Other experts agree, but with caveats. David Zilberman, a longtime professor in UC Berkeley’s Department of Agricultural and Resource Economics, thinks it’s “a bit of a stretch” to compare meatless meat to electric vehicles. For example, he cites the jobs created by electric vehicle manufacturing as one reason the two industries differ. But he agrees that the sector desperately needs more support. He described alternative proteins as “hugely important, especially in terms of food security, but especially in terms of climate change.” More investment would help spur the kind of innovation that would help alternative proteins achieve taste parity with conventional meat. “In the long run, if you could develop things that taste better, consumers would like them,” Zilberman said.
Still, it would take a political shift for the U.S. to support alternative proteins in the same way it has helped spur adoption of electric vehicles.
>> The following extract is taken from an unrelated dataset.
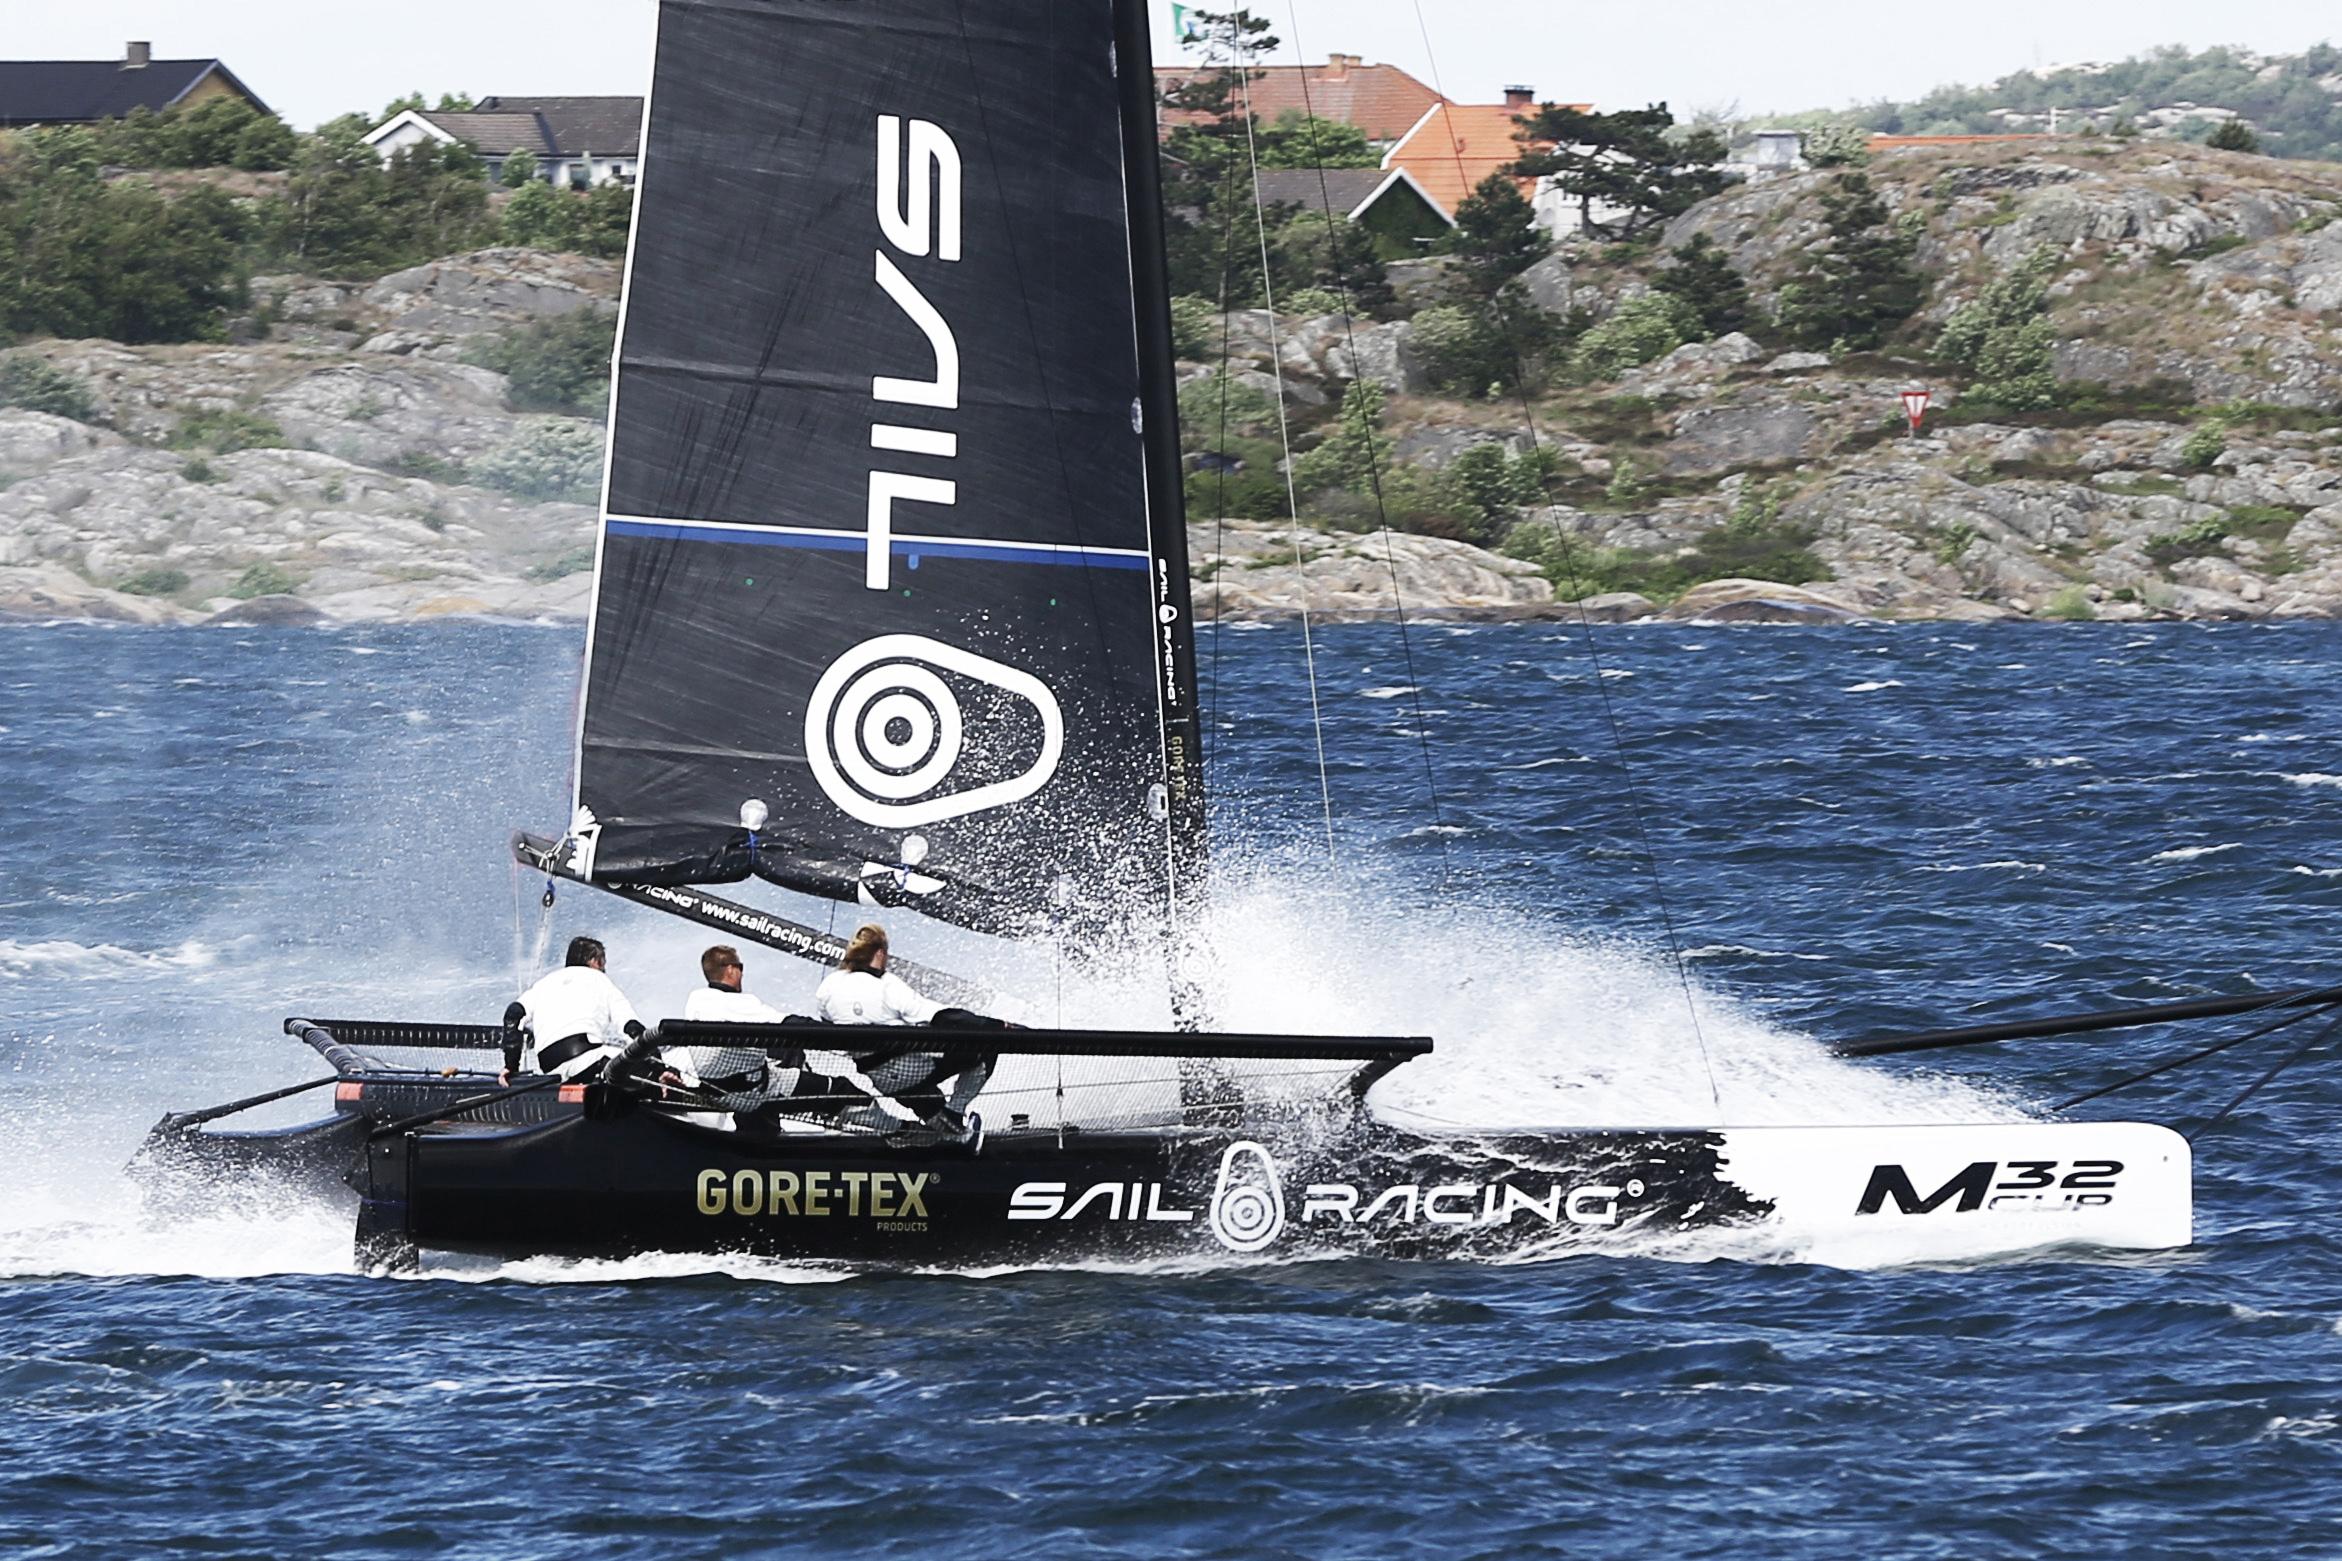 Sail Racing_M32_cup

Fear of climate policies that would eliminate meat from the American diet hangs over the conservative movement like a dark cloud. A 2023 poll found that Republicans said they would be less likely to vote for a hypothetical candidate who said, “It’s time for us to work together as a nation to reduce our reliance on meat and dairy and instead focus on solutions like plant-based foods and artificial meats.” In 2018, Sen. Ted Cruz memorably warned that “if Texas elects a Democrat, they’re going to ban barbecue in the entire state of Texas.” He later explained it was a joke, but the message was clear: Climate action means sacrificing precious ways of life, especially for men who see eating meat as a tenet of masculinity. This fear has led to a backlash against alternative proteins: In May, Florida and Alabama banned the production and sale of lab-grown meat.
Creating an effective narrative that challenges ingrained beliefs about meat versus plant-based diets will be key to the industry’s success, said Samantha Derrick, the founder of Plant Futures, an interdisciplinary program at UC Berkeley that aims to train students for careers in alternative proteins. “I think no matter how organized Big Ag is, even though they have a lot of money and resources, there’s a lot of potential on the alternative protein side,” Derrick said. And she believes the generation of entrepreneurs now entering the workforce can help develop a new, more compelling narrative.
“Ultimately, at the end of the day, the information, the data, the research, the climate argument, it’s all on our side,” Derrick said. “And that’s something that Big Ag doesn’t have, but we do.”